Top of Data section
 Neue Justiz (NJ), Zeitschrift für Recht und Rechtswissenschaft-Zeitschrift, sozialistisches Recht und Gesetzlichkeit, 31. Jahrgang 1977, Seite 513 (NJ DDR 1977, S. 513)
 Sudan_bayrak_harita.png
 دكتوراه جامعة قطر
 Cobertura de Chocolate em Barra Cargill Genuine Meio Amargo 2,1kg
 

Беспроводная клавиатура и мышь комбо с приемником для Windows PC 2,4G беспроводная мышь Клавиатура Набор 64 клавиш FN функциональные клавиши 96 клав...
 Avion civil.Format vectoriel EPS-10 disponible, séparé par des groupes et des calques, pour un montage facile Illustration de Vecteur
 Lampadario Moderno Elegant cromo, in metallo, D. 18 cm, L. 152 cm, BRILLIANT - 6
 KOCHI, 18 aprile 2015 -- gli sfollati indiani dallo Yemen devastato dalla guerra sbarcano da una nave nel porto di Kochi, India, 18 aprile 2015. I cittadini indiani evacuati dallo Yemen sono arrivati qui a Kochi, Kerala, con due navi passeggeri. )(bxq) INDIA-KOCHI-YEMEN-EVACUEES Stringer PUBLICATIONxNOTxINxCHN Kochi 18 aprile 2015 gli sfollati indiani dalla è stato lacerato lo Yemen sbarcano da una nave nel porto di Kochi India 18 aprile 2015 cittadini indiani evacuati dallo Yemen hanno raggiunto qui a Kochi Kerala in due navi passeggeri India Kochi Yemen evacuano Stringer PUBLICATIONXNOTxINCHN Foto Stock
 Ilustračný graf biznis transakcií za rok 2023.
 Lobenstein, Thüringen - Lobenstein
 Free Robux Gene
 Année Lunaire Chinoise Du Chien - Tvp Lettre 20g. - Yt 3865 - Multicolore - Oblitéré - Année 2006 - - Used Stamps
Bottom of Data section
- Task to carry out
The answer should hold exactly the lines running from the one with "Ilustračný graf biznis" to the final line of the data, both ends counted.

- Output for this exercise
 Ilustračný graf biznis transakcií za rok 2023.
 Lobenstein, Thüringen - Lobenstein
 Free Robux Gene
 Année Lunaire Chinoise Du Chien - Tvp Lettre 20g. - Yt 3865 - Multicolore - Oblitéré - Année 2006 - - Used Stamps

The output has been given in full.